冰柱似乎是另有计划,而那个计划并没有成功,所以才没给我好脸色看,总是略带怒意地瞪着我。老实说,她瞪我也于事无补。虽然同住一个房间的室友这么故意地对待也不好受,不过也不是不能忍受的状况。再说本来冰柱就应该早早放弃才对。
射水同学已经不是以前的射水同学了。
「妳觉得如何?」
射水同学以近乎惊人的速度持续改变着。
「这些菜……真的是你做的吗?」
射水同学要我礼拜六中午以前到他家一趟,于是我依约前往。没想到等着我的是一桌丰盛的菜肴。
可能是我说过想吃牛排吧?在我眼前的是一份五分熟牛排,旁边搭配着各种各样的黄绿色蔬菜。凯萨色拉盛装着满满一碗,煮得通透可口的洋葱汤,还有飘着略焦香味的白饭。最后是应我要求而有的白开水。
自己点的菜单一应俱全地出现在眼前已经够让我惊讶,没想到当我一刀切进牛排时,又再惊讶一次。因为这块牛排切起来的感觉跟我吃过的牛排完全不同,刀子很轻易地就能划开它。这不光是因为牛排刀本身就是很锋利的刀子,而是因为肉质的柔软度很够的缘故。
「呜……」
吃了一口肉,让我更惊艳。
这块肉的美味好难形容,切的时候就知道它很软,夸张的是一放进嘴里,竟然就这样融化在舌尖。而且居然无比地甘甜!这种甜味跟舔砂糖所吃到的甜味不太一样,比较像是优质的肉所含有的脂肪那种清爽的甜味。
「很难吃吗?」
正当我陶醉在肉的美味时,射水同学担心地问着。
「咦?不是的……因为太好吃了所以……」
这就是因为食物太好吃所以连话都说不出来。还以为这种形容只出现在故事里,自己实际吃到时,才深深体会到那种好吃到无达言喻的境界是真的存在的。

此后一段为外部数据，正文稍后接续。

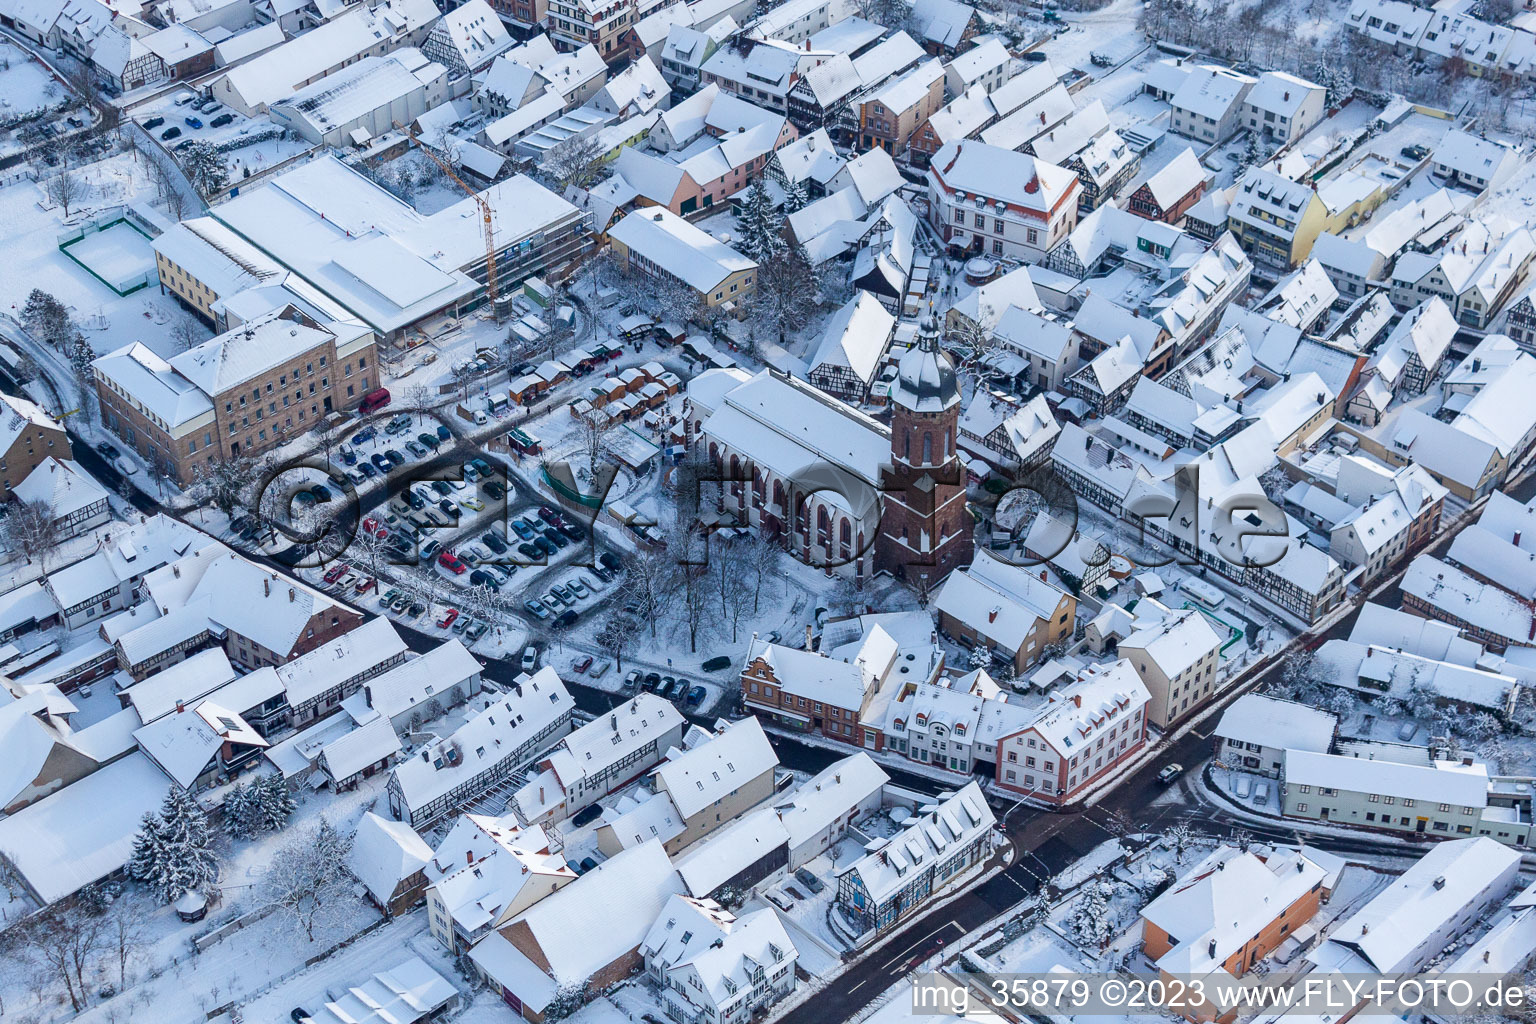 Aerial photograpy of In the snow in Kandel in the state Rhineland-Palatinate, Germany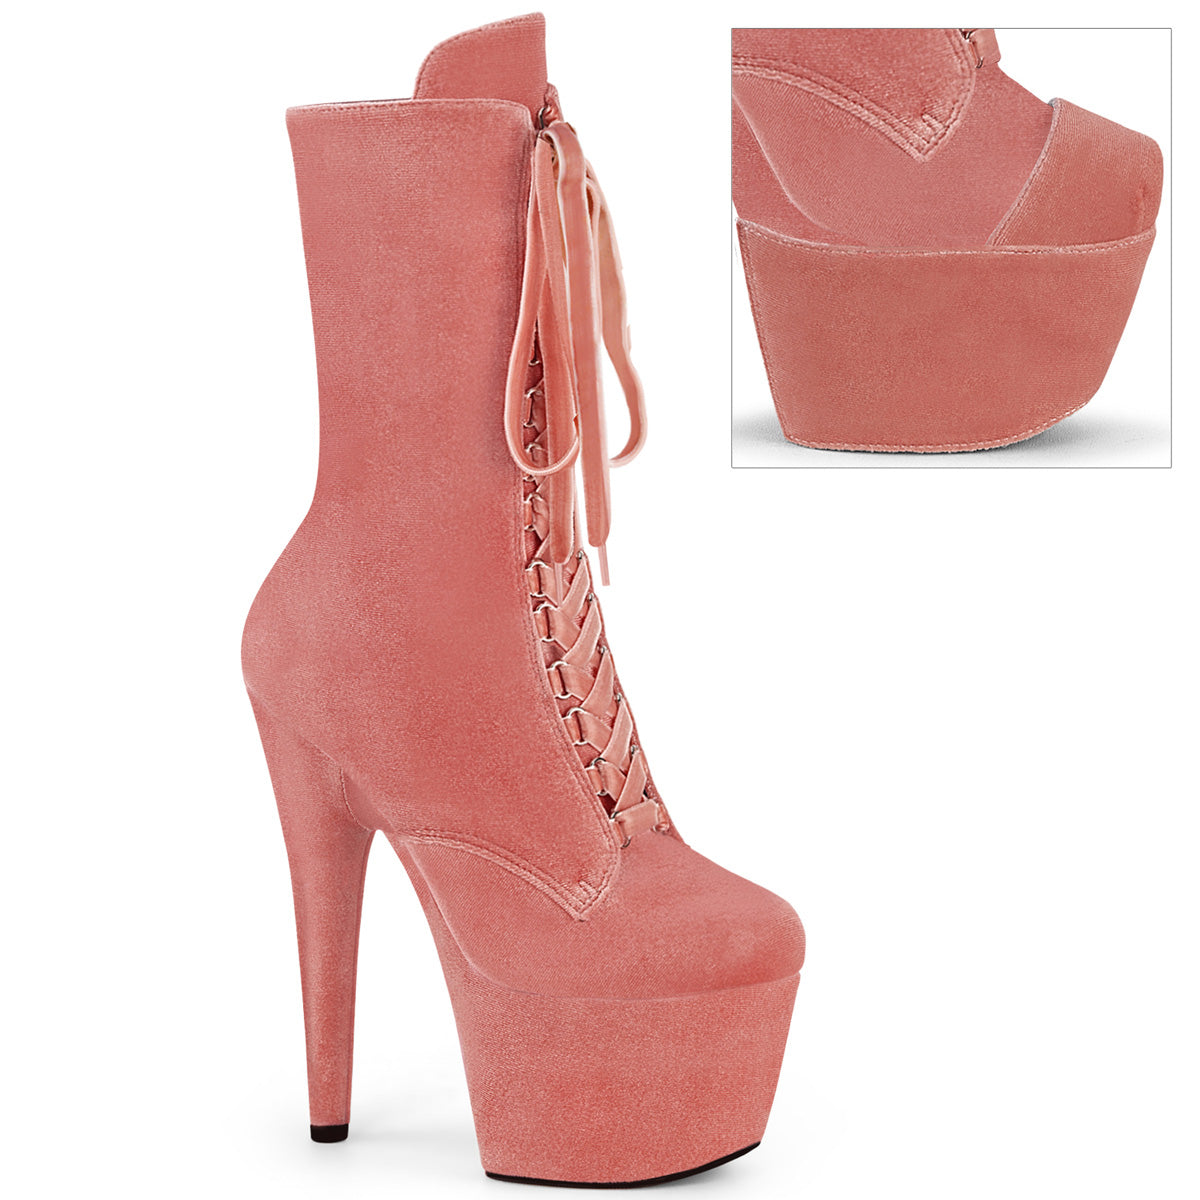 ADORE-1045VEL Velvet Lace-Up Ankle Boot Pink Multi view 1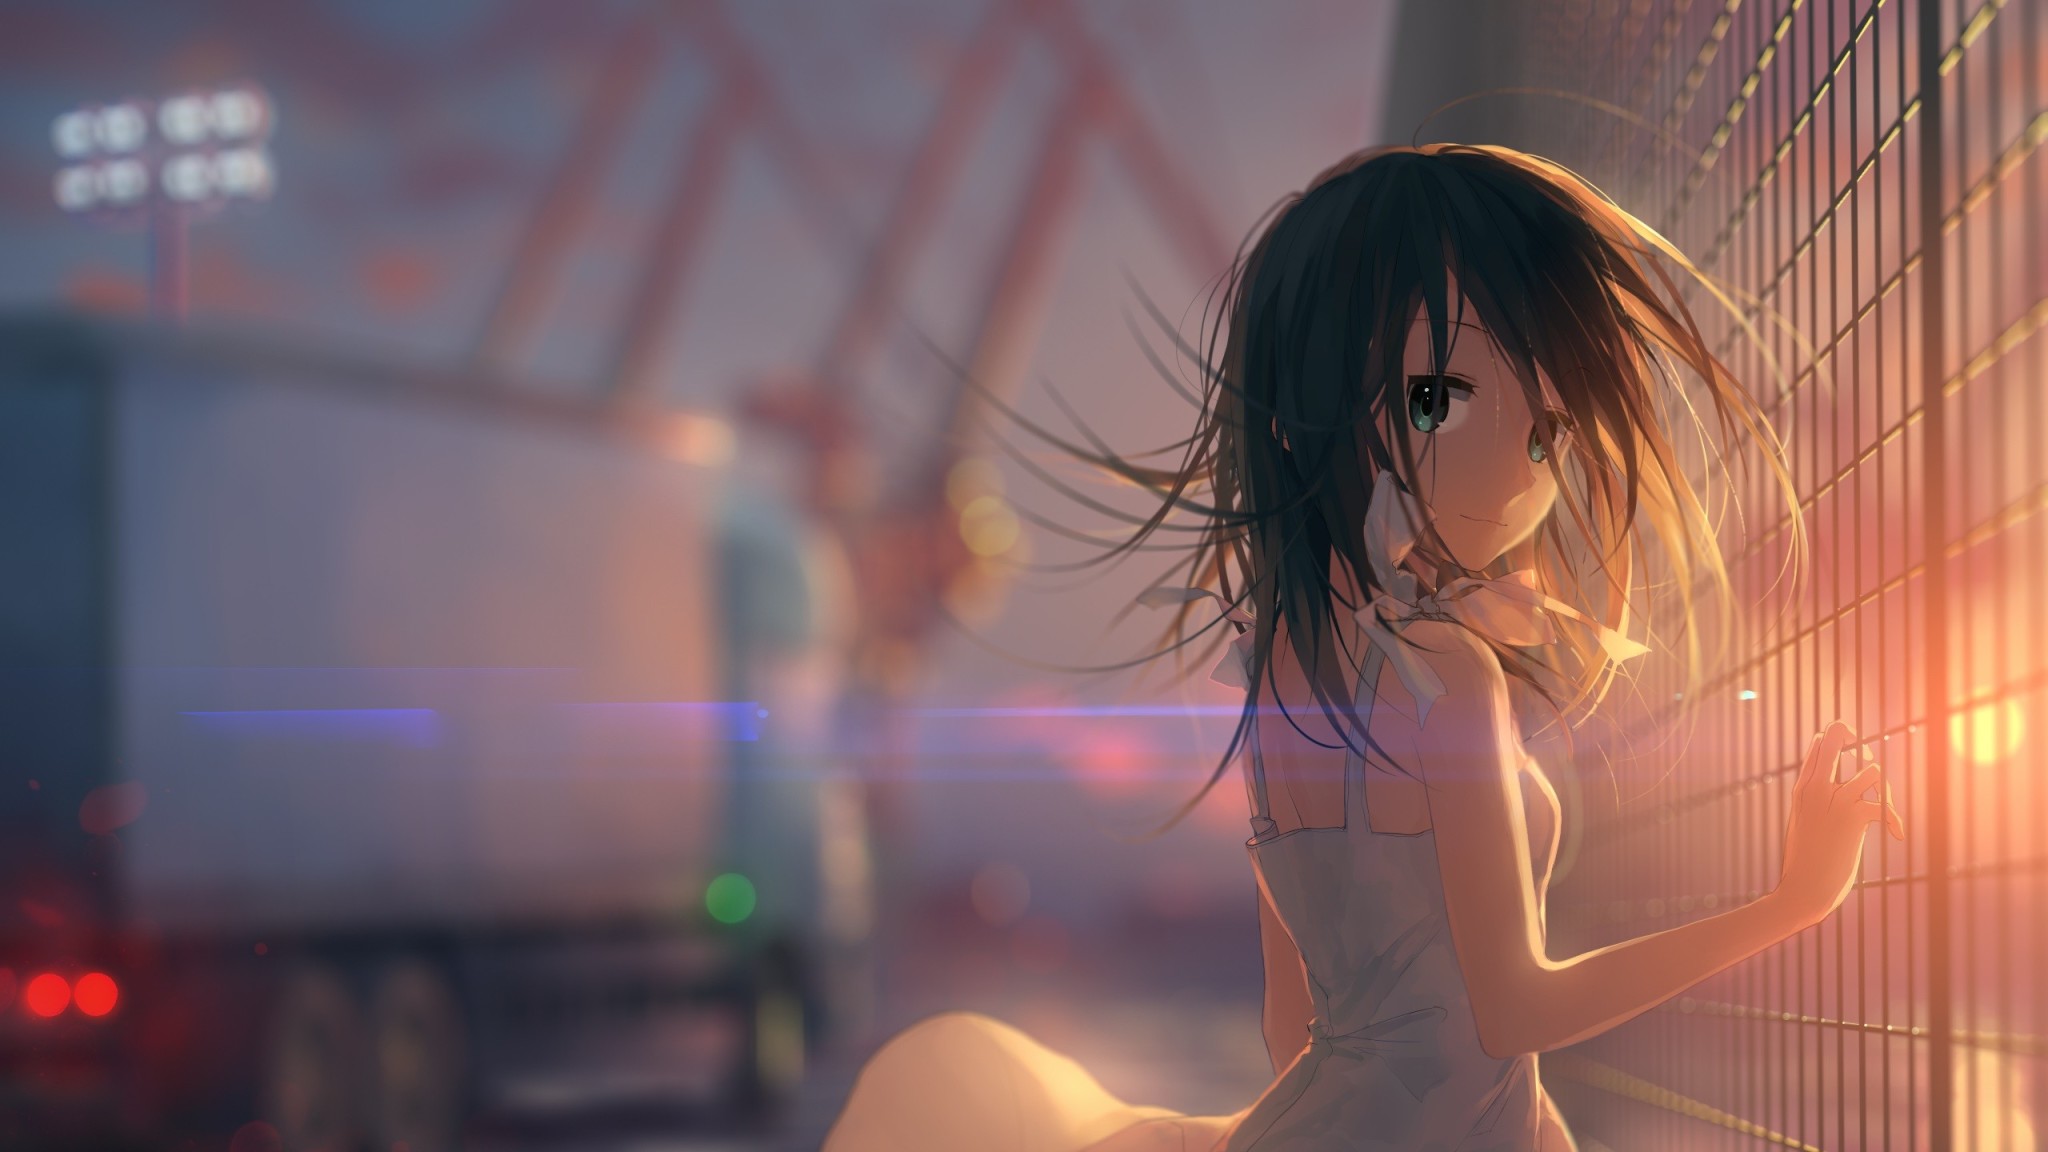 very cute wallpapers for mobile 240x320,beauty,cg artwork,photography,long hair,black hair

仔细一想,第一次看到师父使出绝技时,也跟现在一样连话都说不出来。这么说来,吃到精致的美食时,一样无法说出话来也没什么好奇怪的。
而且,我真的想都没想过自己能有机会吃到这么好吃的食物。
「因为太好吃?」
「嗯,因为太好吃所以很惊讶。」
很想用更好的形容来表达,但是词穷的我只想得到这种讲法。
「太好了!」
不过光是这样讲,射水同学就显得很满足,他愉悦地看着我笑。
「有这么值得高兴吗?」
被看得有点害臊的我说出了不太适宜的话。
「当然值得开心啰。即使自己觉得好吃,如果雾理同学觉得不好吃,那就没有任何意义了。」
「是这样吗?」
「嗯。最近我替雾理同学添了不少麻烦,为了答谢妳的帮忙,所以我特地练习做菜。」
「练习做菜?是为了我?」
我只知道这些菜是特地为我做的。
「是啊。因为我几乎都吃外面,这次是我第一次自己做菜。所以听到妳称赞菜好吃,我真的很开心。」
「这……真的是你第一次做菜?」
第一次做菜就能做出这么好吃的菜让我很意外。当然食材本身就很高级,不过感觉的出来这些菜的火候也很恰到好处。